Agenda item

MEDIUM TERM FINANCIAL STRATEGY AND 2018/19 BUDGET UPDATE

Members are invited to make any comments on the budget proposals for consideration by Cabinet at its meeting on 7 February (Report to January 2018 Cabinet meeting attached for information).

Minutes:

Members considered a report which detailed the Council’s Medium Term Financial Strategy (MTFS). Further proposals for balancing the 2018/19 budget were due to go to consultation where necessary at its meeting on 26 October 2017. A Budget Update report had been considered by Cabinet on 13 December 2017.

 

The October and December reports set out the Council’s financial strategy to manage the predicted budget gap over the period 2018/19 to 2022/23. The report:

 

·         Provided an update on the policy and strategic context and assumptions within the MTFS and the forecast budget gap

·         Presented for approval amendments to the Council Tax Support Scheme from April 2018

·         Budget Risks

 

There was a budget gap forecast of £4.2million.

 

Most of the grants that the Council received had stayed at the same level however there had been a reduction in the new homes bonus.

 

Members were advised that Council Tax could be raised by up to 3% without the need for a public referendum.

 

Havering was one of a number of authorities piloting the pooling of business rates. Estimates showed that that the Council could benefit from an increase of anywhere between £0.9million up to £2.4/2.5 million.

 

Consultation was due to take place on the Fair Funding Review, this was how the Council received its funding.

 

Members received an update on the public consultation.

 

191 responses had been received so far. 58 of the responses had agreed with the direction of the budget strategy overall. Residents had indicated that their priority areas were schools and education, adult social care and waste management. Residents had also indicated which services they wished to see reduce which included parking charges, planning and building control and the Council Tax support scheme.

 

Members noted that following an election year extensive consultation was carried out and there was a greater level of engagement by residents. The years in between elections attracted somewhere in the region of between 100 and 250 responses on average.

 

The Adult Social Care Precept would be entering its final year, under current legislation, next year as the total allowed of 6% would have been collected by then.

 

There was a consensus amongst Members that the level of responses received during the consultation was extremely low from residents and there were suggestions that perhaps the Council needed to look at the way it consulted with residents and perhaps look at alternatives including full use of social media platforms.

 

The plan post-election would be for the newly elected Administration to enter into a four year MTFS.

 

Members also noted that the Council was working with other outer London boroughs to discuss funding arrangements. Due to the net migration that outer London boroughs were seeing following the housing benefit cap it placed a greater emphasis on working with outer London boroughs rather than inner London boroughs.

 

In response to a question relating to economic development Members were advised that approximately £3 billion of expenditure would take place in the next ten to twelve years. The joint ventures that the Council would be entering into with partners would need to be resourced and new teams would be set up to progress the works.

 

Members noted that the business rates pool that had been set up which was being piloted would allow the retention of 100% of business rates and the pilot came with a guarantee that the Council would be no worse off than at present.

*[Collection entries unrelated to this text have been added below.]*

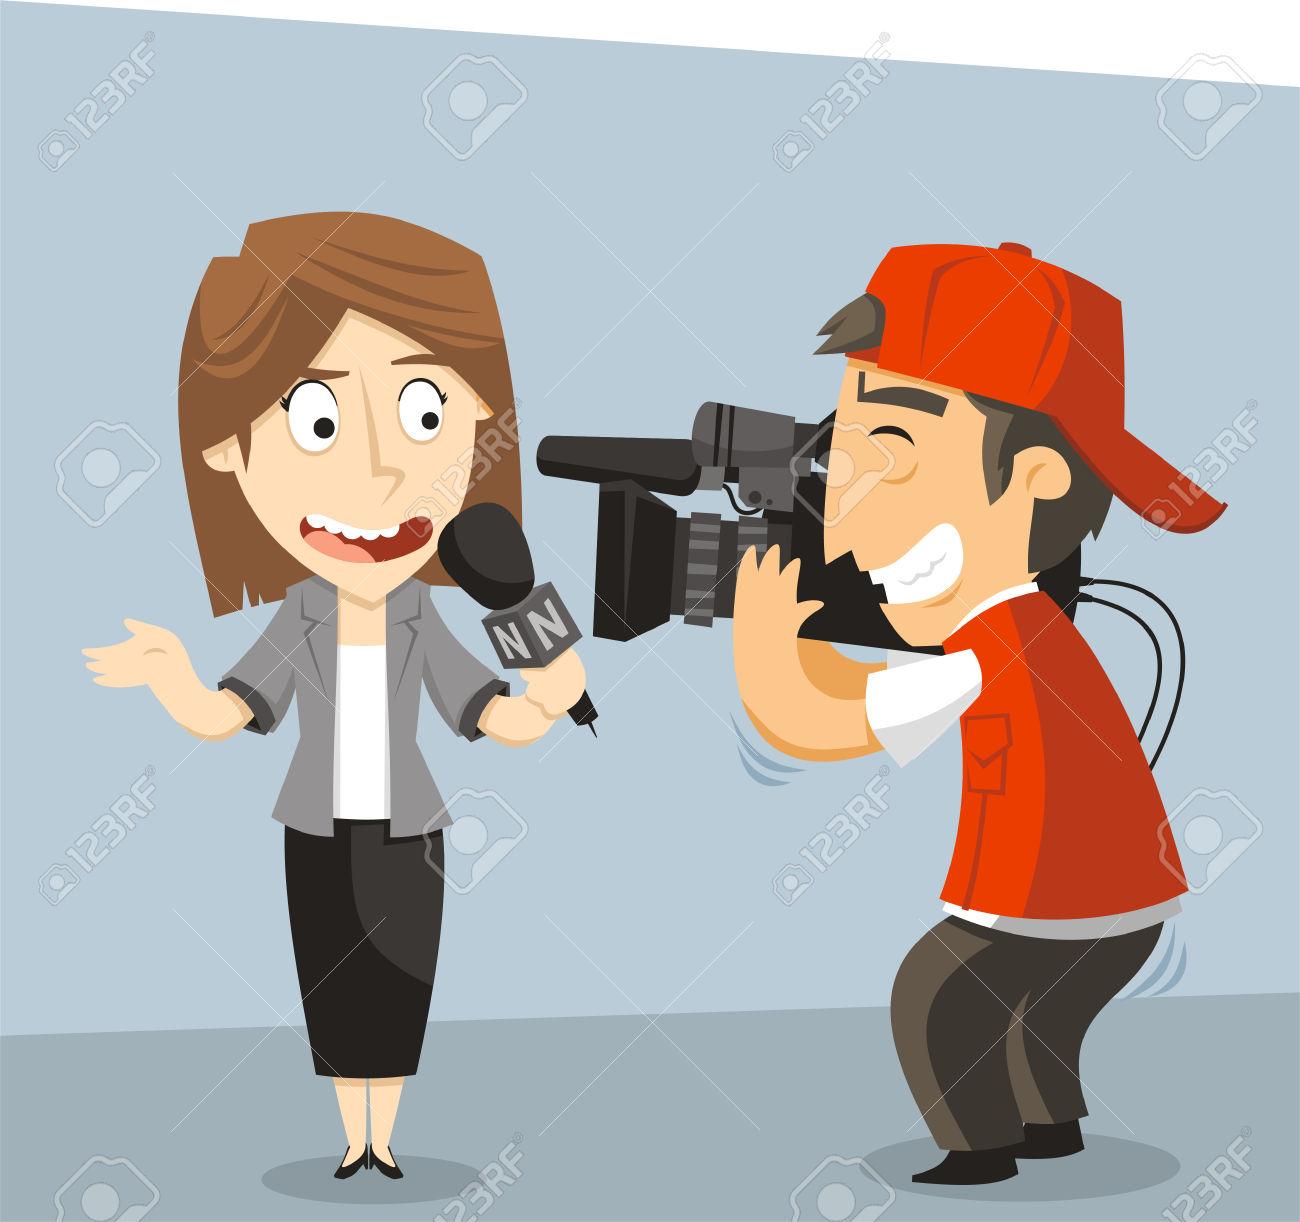 journalist: Journalist News Reporter Interview, with journalist and  interviewee. Vector illustration cartoon.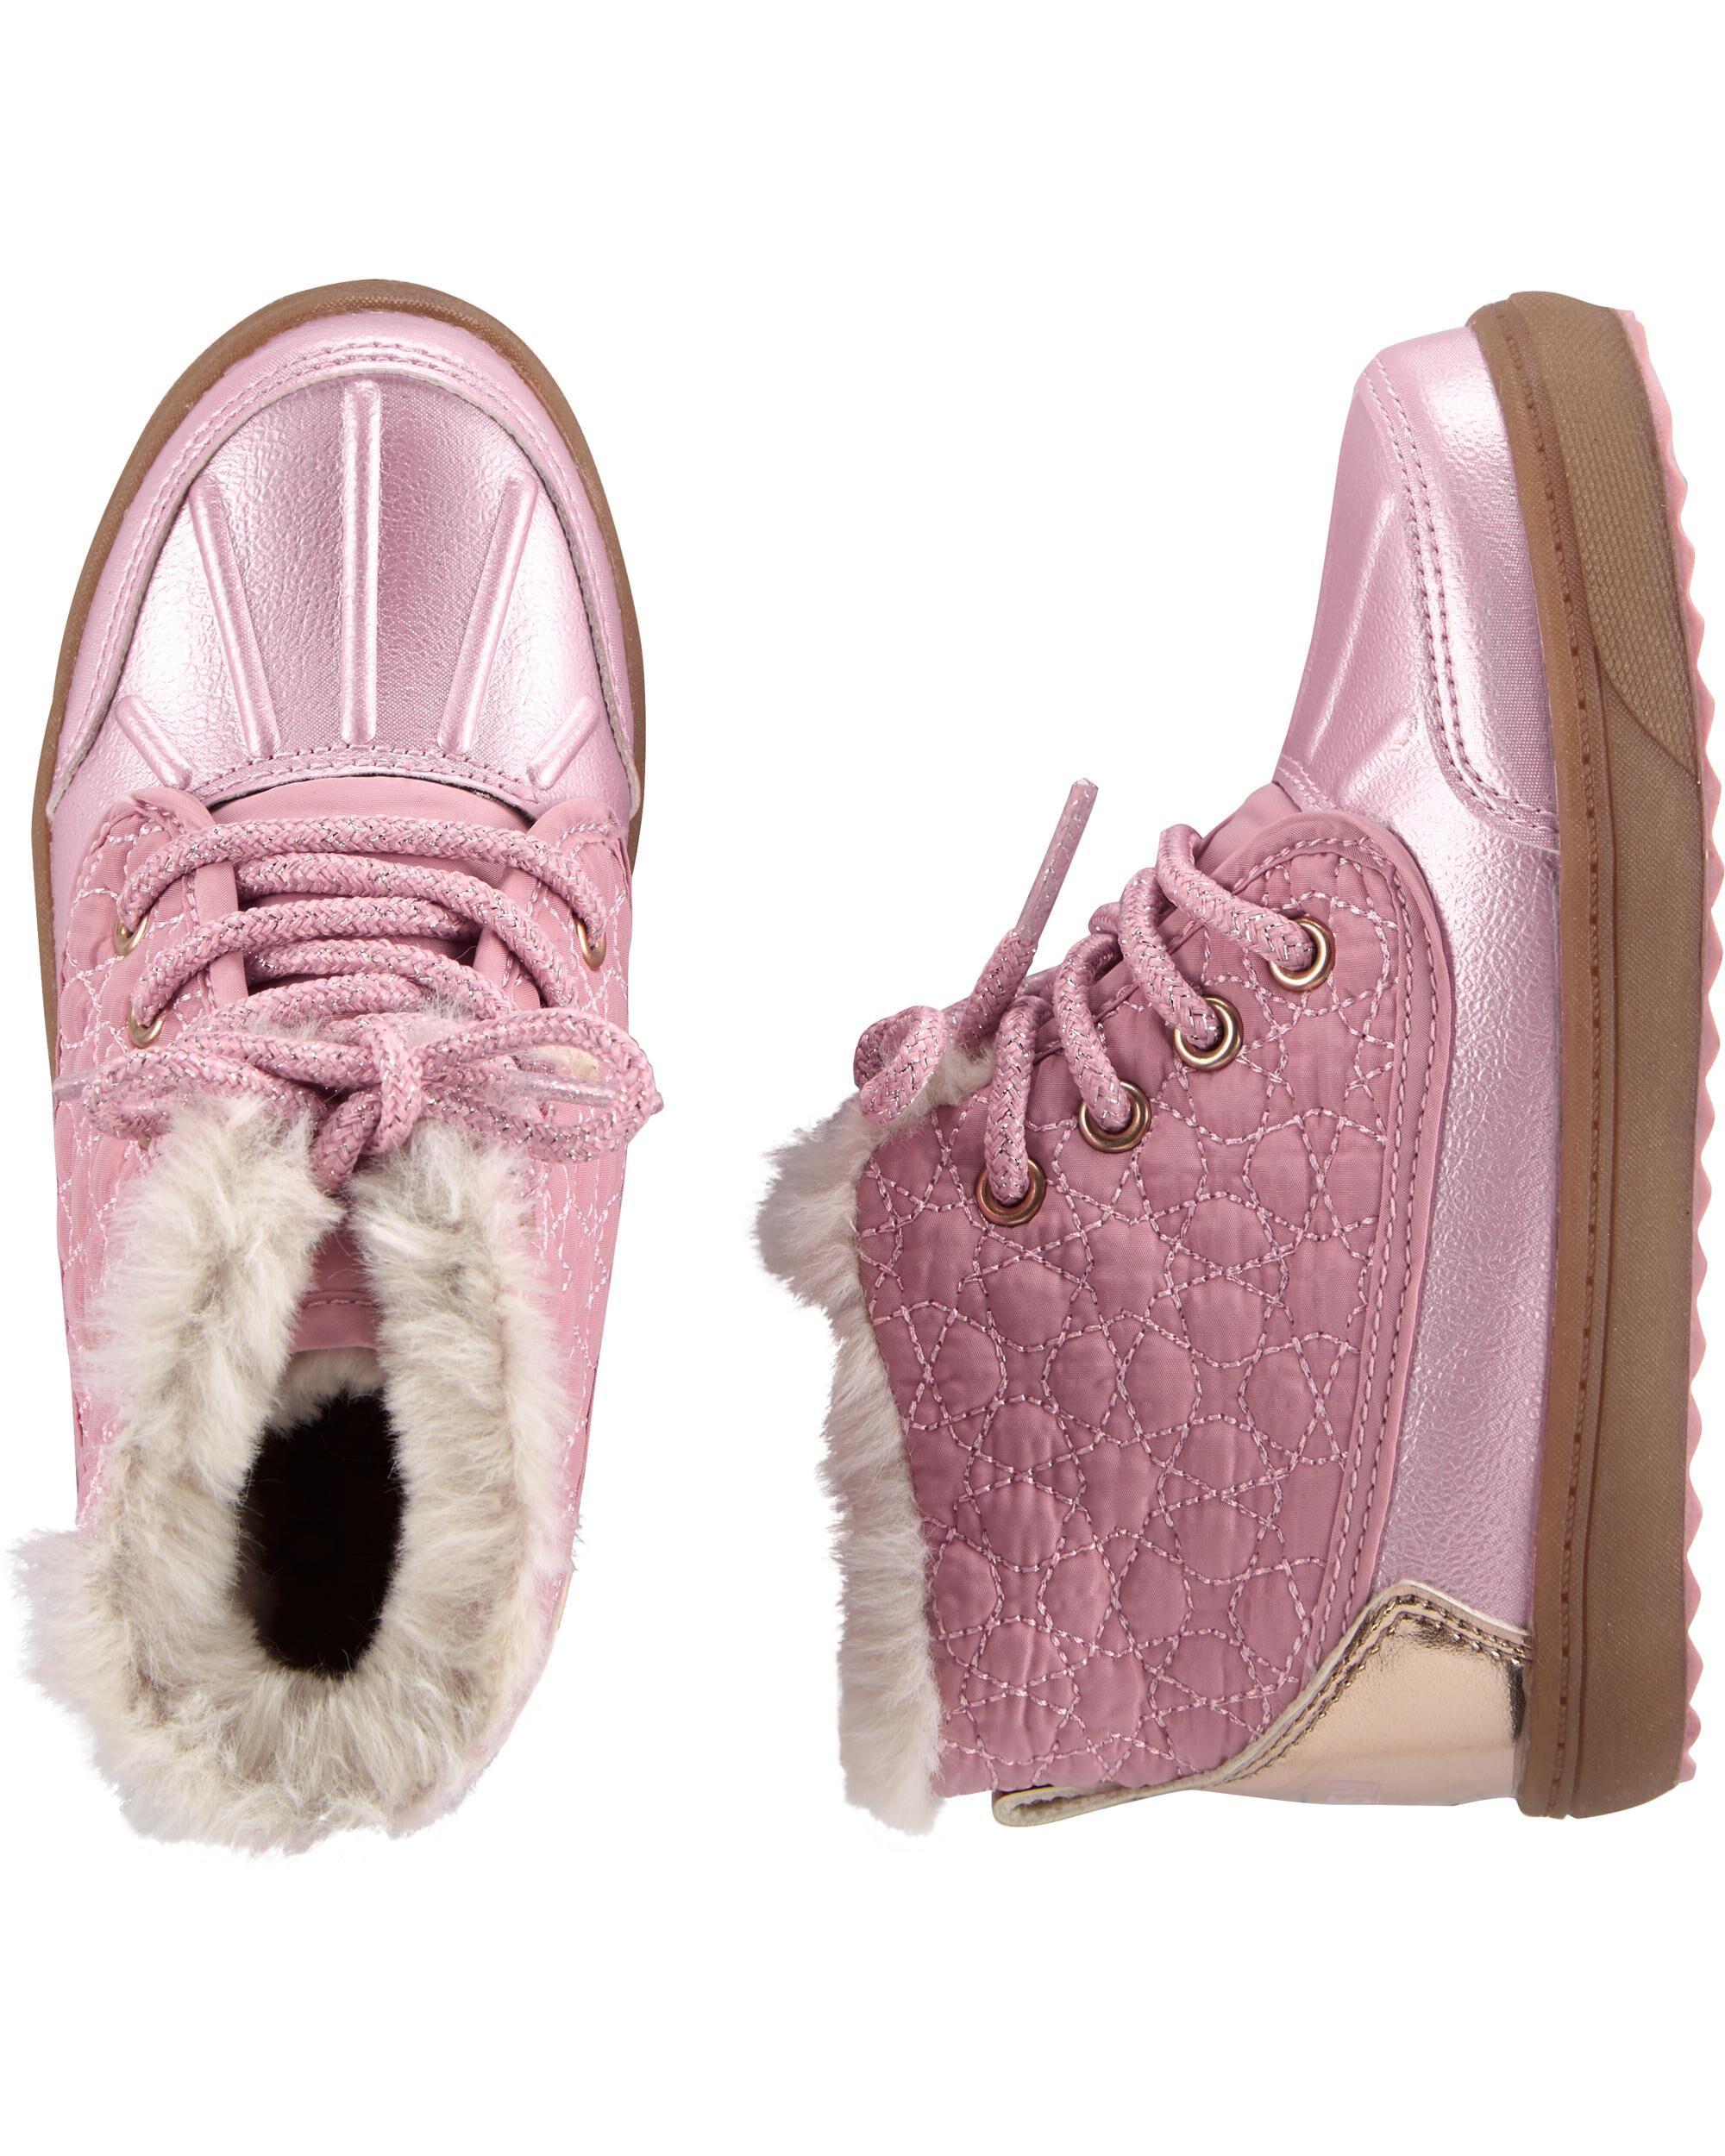 OshKosh Pink Duck Boots | carters.com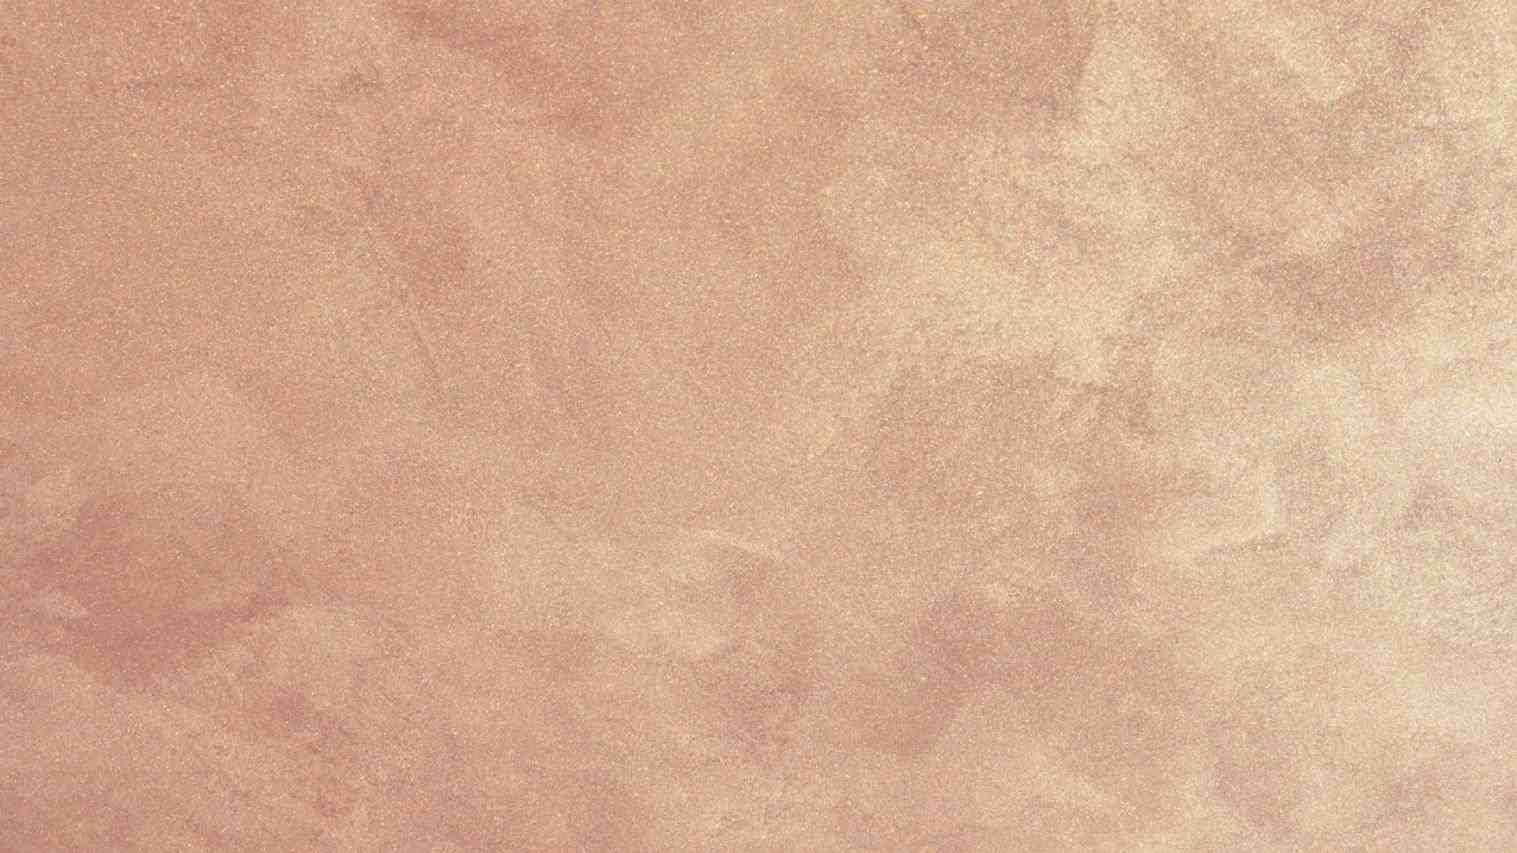 Brown Pastel Aesthetic Wallpapers Top Free Brown Pastel Aesthetic Backgrounds Wallpaperaccess

Havering was currently in a pool and had been for the last three years with Barking and Dagenham, Thurrock and Basildon. As an organisation the Council had benefitted from in the region £0.5million which had mainly come about largely due to the growth of DP World London Gateway deep sea port in Thurrock.

 

Members noted that the Ministry of Housing, Communities and local Government were looking at Council Tax equalisation across the country.

 

In response to a question relating to Children’s Services demand pressures Members noted that Children’s Services now had a permanent workforce of approximately 70% up from 50% previously. Again due to the net migration from inner London there had been an increase in looked after children which had led to a campaign to recruit additional foster carers.

 

In response to a question relating to homelessness Members noted that there were a number of people sleeping rough that officers had tried to engage with but the offer of help had been refused. A new Homelessness Act was due to be introduced in April and there would be an all-Member briefing shortly.

 

Members were advised that Housing Services worked closely with Mental Health Services, Adults Services and Children’s Services to ensure vulnerable people were cared for.

 

In response to a question relating to the Council’s contingency Members were advised that historically the Council had held a contingency fund of £2million each year. There had been previous occasions when the fund had not been used for contingencies but it had been used to manage overspends within certain service areas. A new corporate risk reserve had been created which would now manage service overspends which in turn meant that the contingency fund had been reduced to £1million.

 

In response to a question relating to enforcement of yellow box junctions officers advised that if Members had specific instances of where they wanted enforcement to take place then officers could be approached to look at the viability of enforcement.

 

In response to a question regarding costs of large goods removal from properties had a direct link with additional fly-tipping officers advised in other areas where costs had been introduced there was not a direct correlation with an increase in fly tipping. Members noted that waste disposal costs were increasing on a yearly basis and carry on throughout the length of the contract with ELWA until the end of the contract in 2027.